Many people start the new year with good intentions. Crypto investors are also optimistic. After a disastrous 2022, things can only get better. But not so fast: Bitcoin and Co. are developing further, Altcoin adoption is flourishing and the regulatory level remains exciting. However, the persistently poor macroeconomic situation offers little hope. In addition, internal factors have also been weighing on the crypto market for some time. Will the Bitcoin price fall even lower – or is the worst over?

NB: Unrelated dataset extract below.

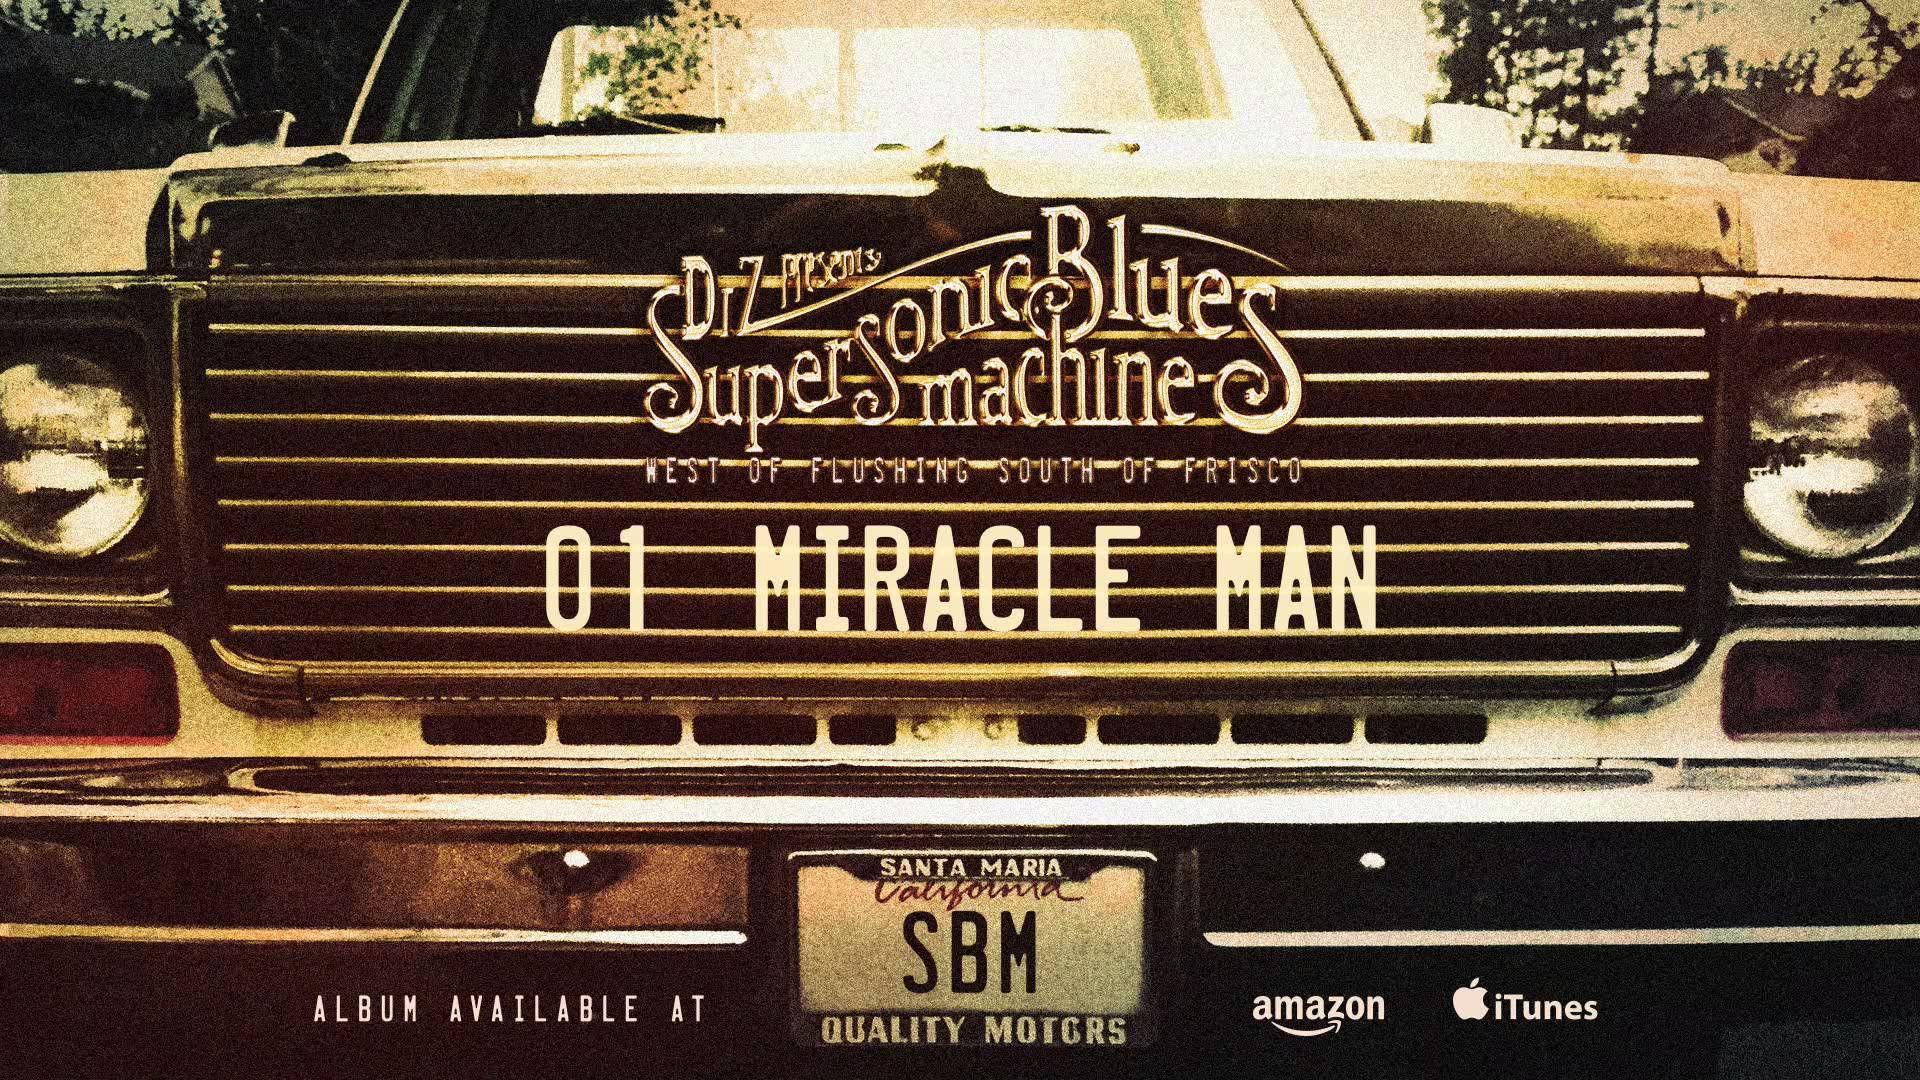 supersonic blues machine # 58

Internal Threat: Digital Currency Group (DCG)
The collapse barely out of nowhere. In early November, crypto exchange FTX collapsed, dragging numerous other crypto companies to the brink of collapse. Also affected: the Digital Currency Group, the flagship of the crypto industry. Not only does it manage billions of dollars in cryptoassets. It also includes Genesis, the top crypto broker, and Grayscale, the largest crypto wealth manager, among others. Both companies have been confronted with bankruptcy rumors for weeks.
Although FUD and bankruptcy speculation is spreading quickly in the crypto space – thanks in part to Twitter – the allegations weigh heavily on the DCG. The company is said to have sold off massive amounts of tokens from its portfolio. Also, Bitvavo, the most popular Dutch exchange, claims that DCG is not paying them $280 million worth of deposits due to “liquidity issues”. In a letter from late November, the company disclosed that it had more than two billion US dollars in debt.
Should the DCG actually face bankruptcy, this could mean far-reaching effects on Bitcoin and the entire crypto sector. In addition to price losses, there is also a risk of lasting damage to the image of the scene.
External situation still tense
Additional pressure comes from outside. Inflation remains at high levels. At the same time, the war in Ukraine is still raging, while protests in China against Beijing’s strict Covid strategy are causing supply shortages.
In addition, increasing energy costs are a burden for parts of the world’s population. In the US, average prices have risen by around 20 percent since the beginning of last year, hitting many mining companies hard. Most recently, Core Scientific, one of the largest Bitcoin miners in the world, announced bankruptcy. Argo Blockchain, an exchange-listed BTC miner, is also facing financial difficulties.
Together with the massive loss in value of the BTC course, the situation results in a toxic mixture.
If the macroeconomic factors do not ease, the mining industry faces a real crisis. A price movement to the south could be the result.
Bitcoin Forecast: Crypto Winter to 2025?
Taken together, both internal and external factors reflect a precarious position. David Marcus, CEO and founder of Bitcoin company Lightspark, is also preparing for a crypto winter that “could last until 2025”. Included looks he admittedly with suspicion for the next few years. But Marcus encourages long-term investors:
It will still take a few years for the market to recover from the abuses of unscrupulous players and until there is responsible regulation. Consumer confidence will also take a few years to rebuild. But ultimately, I believe this reset will be a long-term benefit for the honest players in the industry.
Whether Bitcoin will drop even lower in 2023 remains to be seen. While a variety of negative factors are weighing on the crypto ecosystem, Bitcoiner confidence seems unbroken. Anyway: Anyone who is convinced of the number 1 cryptocurrency currently has the opportunity to buy “cheaply”. For comparison: the last all-time high is just under $70,000 per BTC. Halving will also play a crucial role in the coming year, as you can read in the latest issue of BTC-ECHO Magazine.